## Dataset content
*-*-*
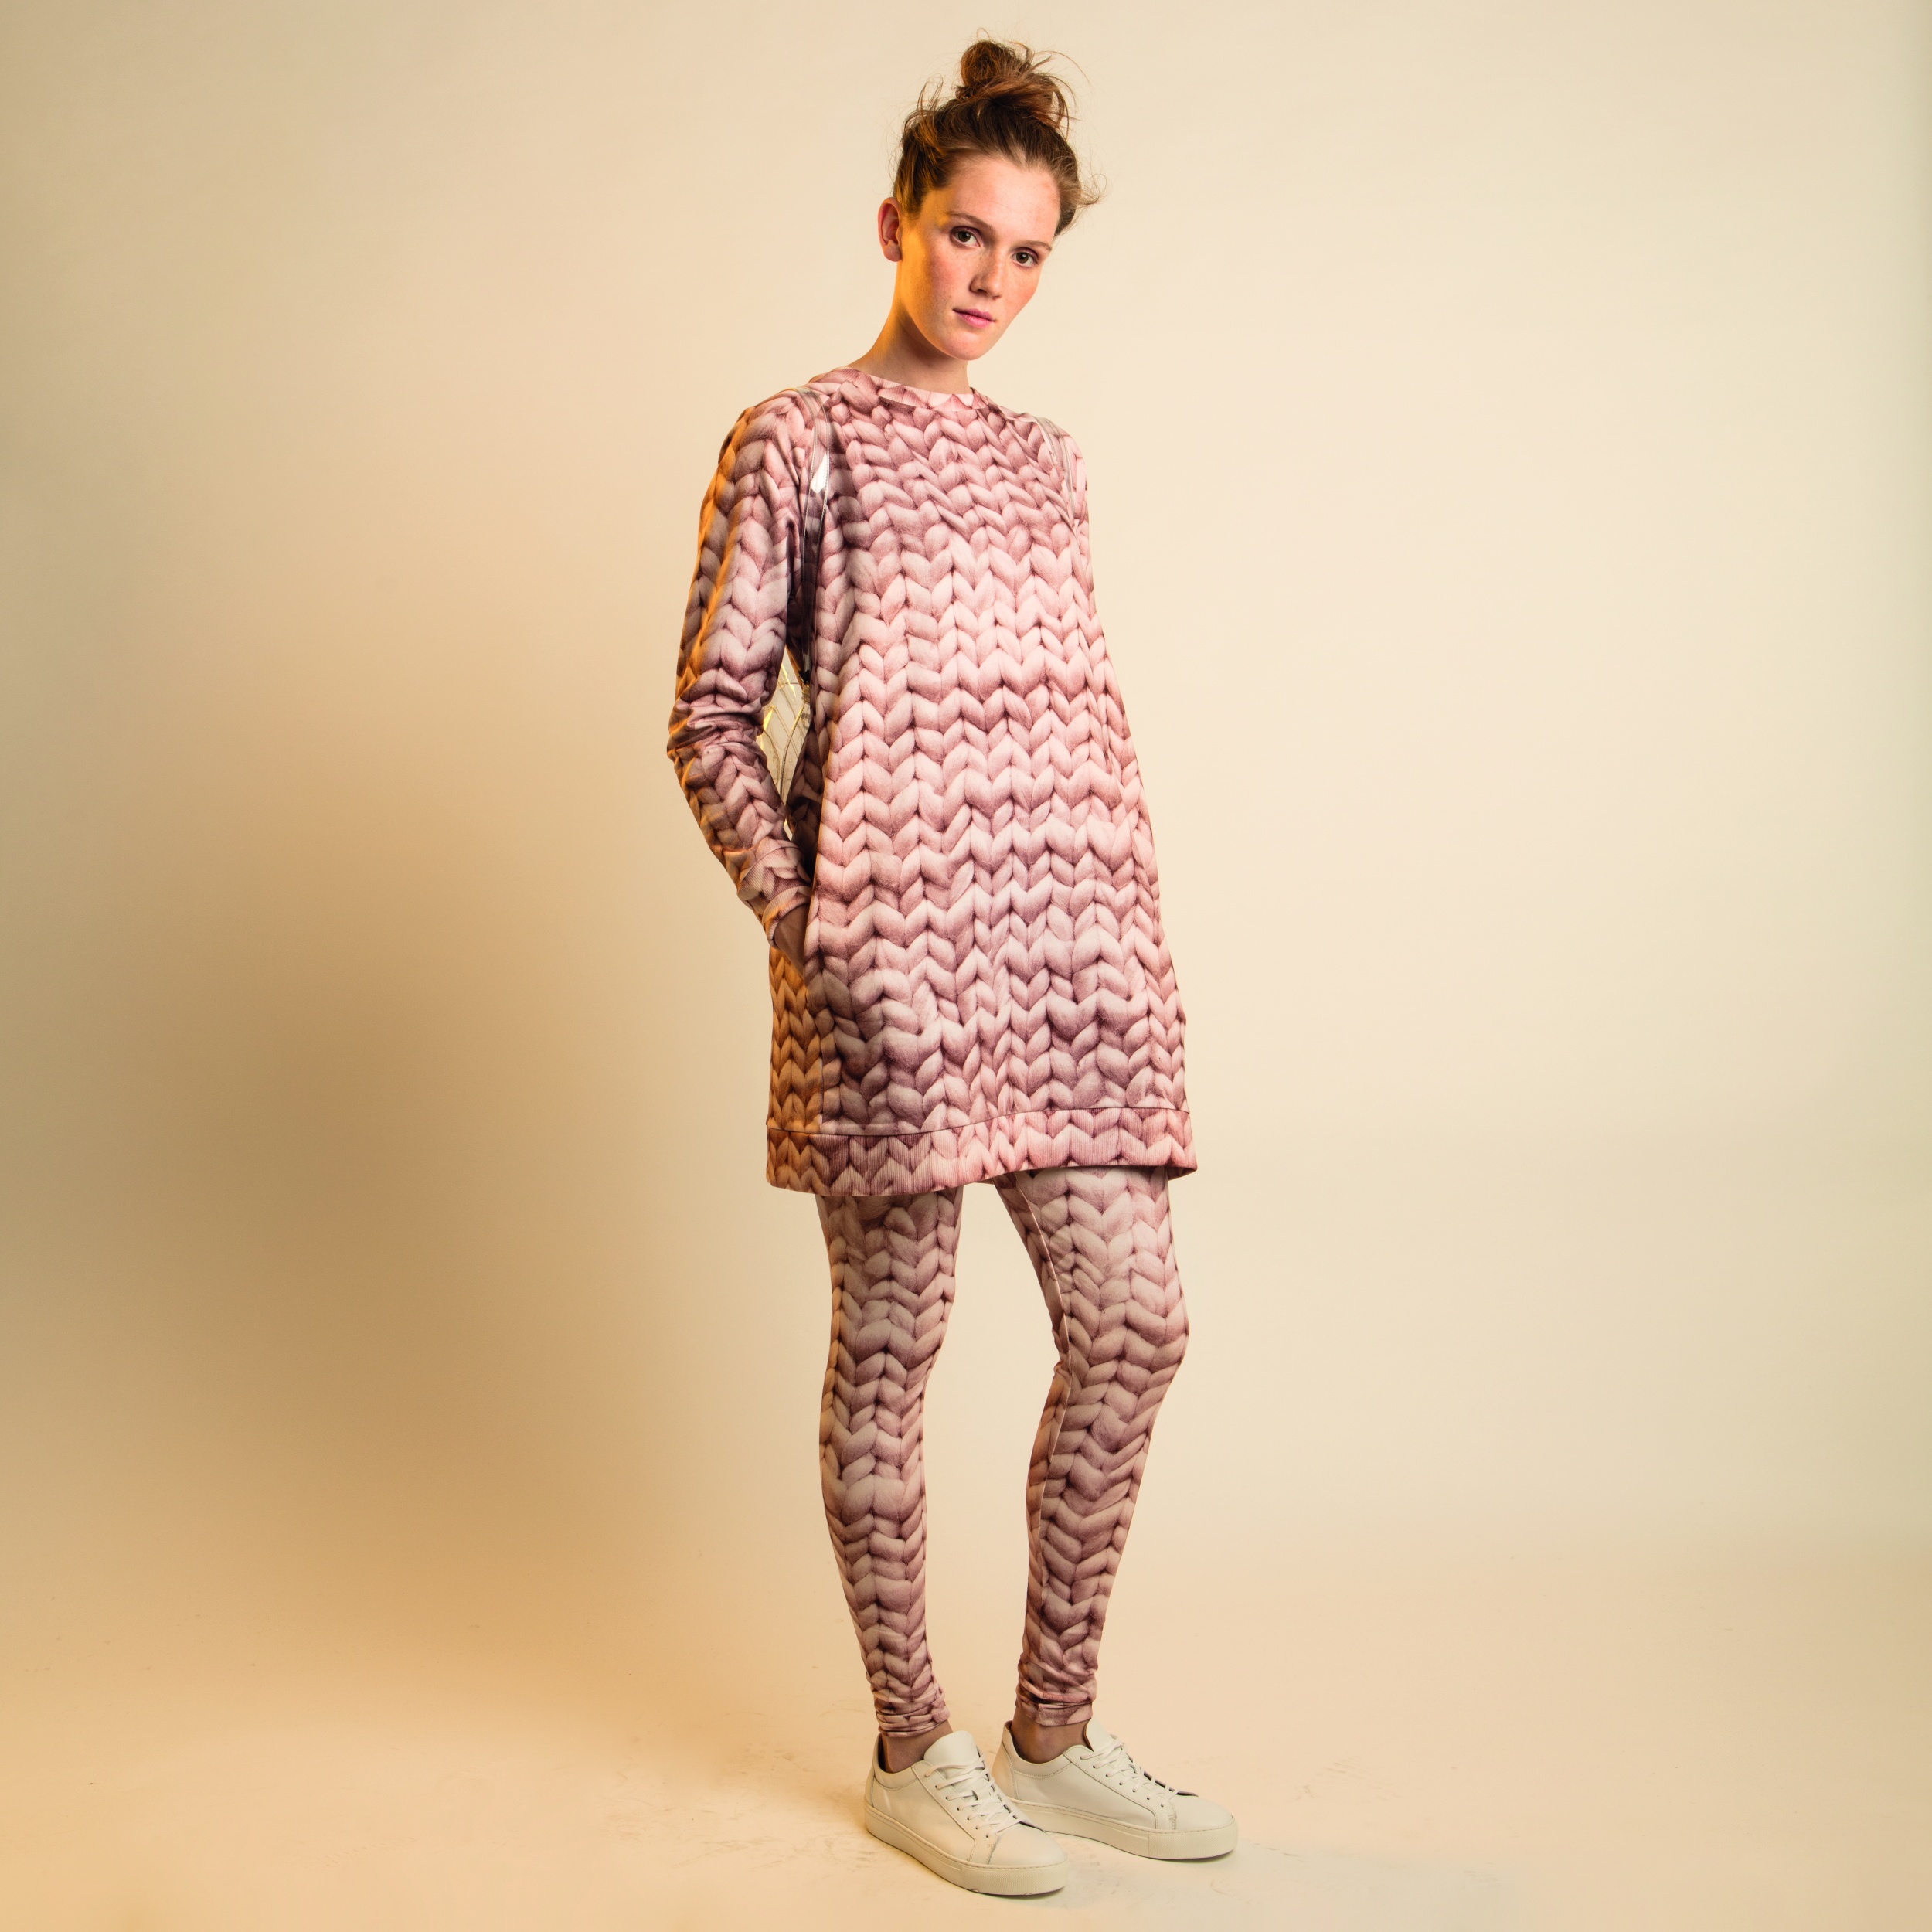 Wonderbaarlijk SNURK pyjama loungewear jurk legging twirre pink dames trendy TU-66
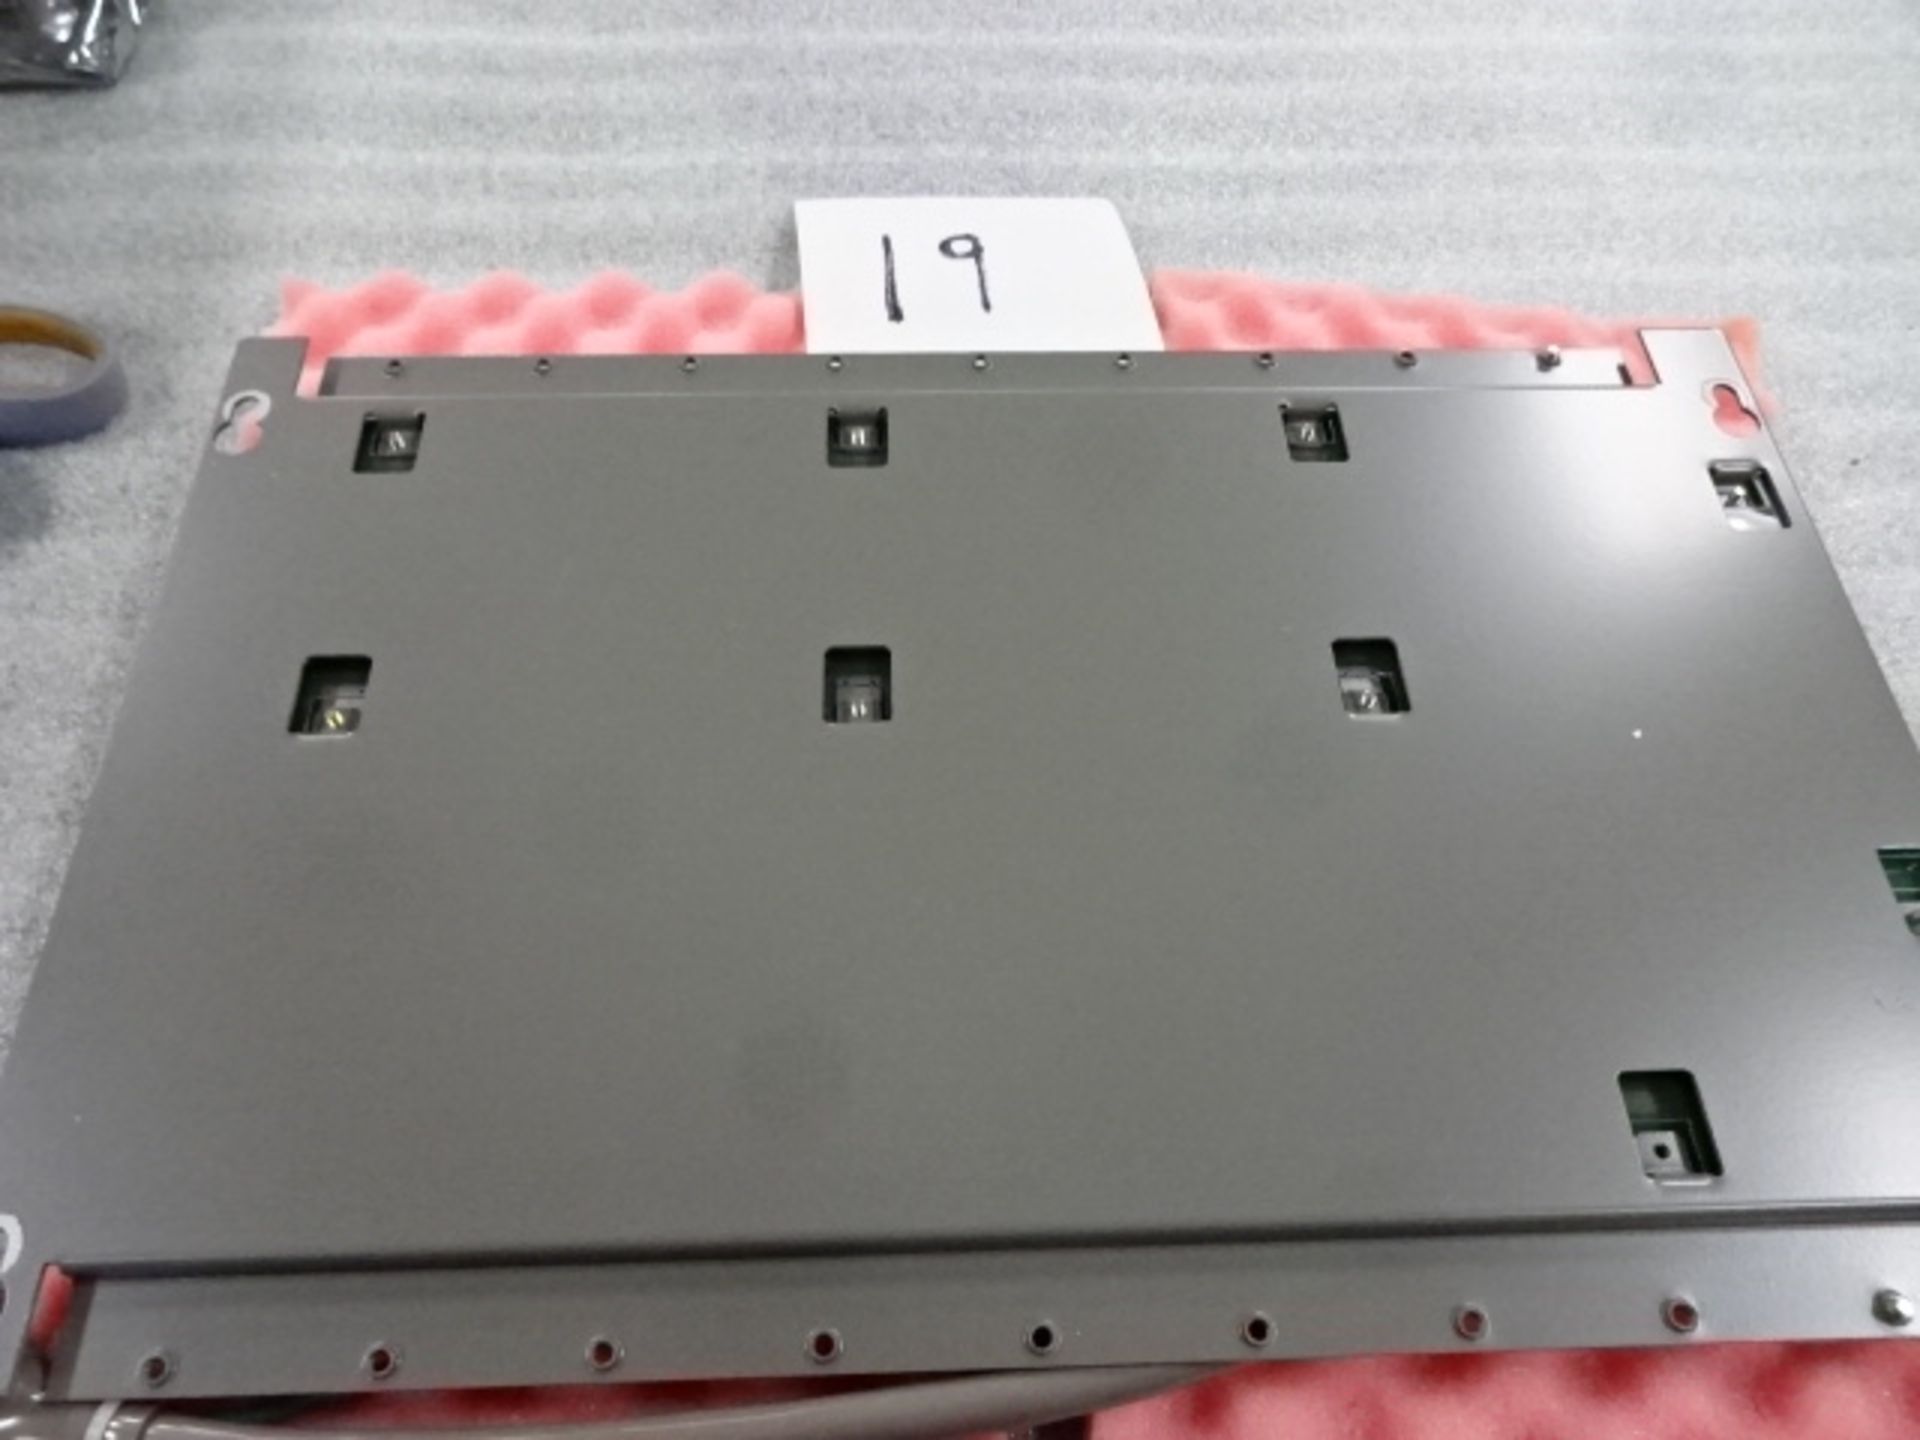 Circuit Imprimé - Electronic Board - Image 4 of 4
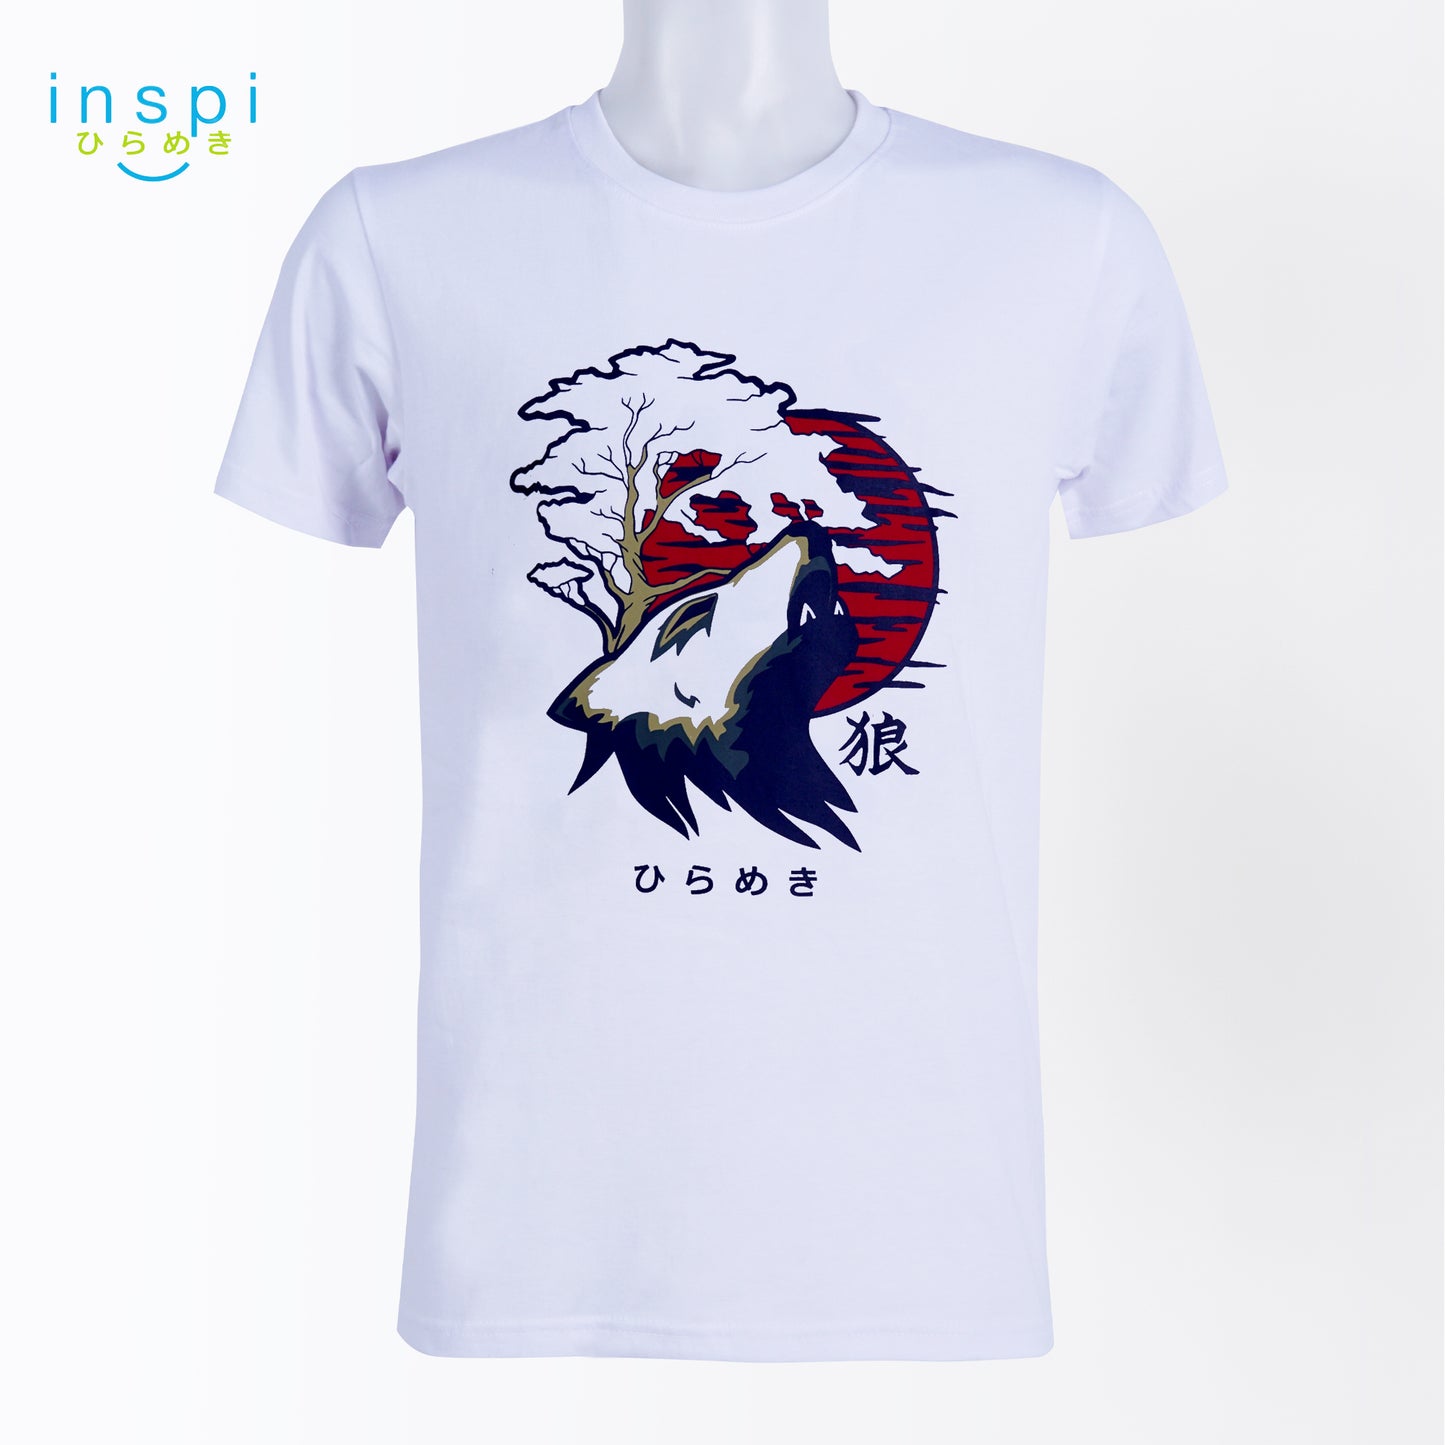 INSPI Tees Okami Wolf Graphic Tshirt
*-*-*
Word for word, return the material above, but drop the pictures.

 Wonderbaarlijk SNURK pyjama loungewear jurk legging twirre pink dames trendy TU-66
 Circuit Imprimé - Electronic Board - Image 4 of 4
 INSPI Tees Okami Wolf Graphic Tshirt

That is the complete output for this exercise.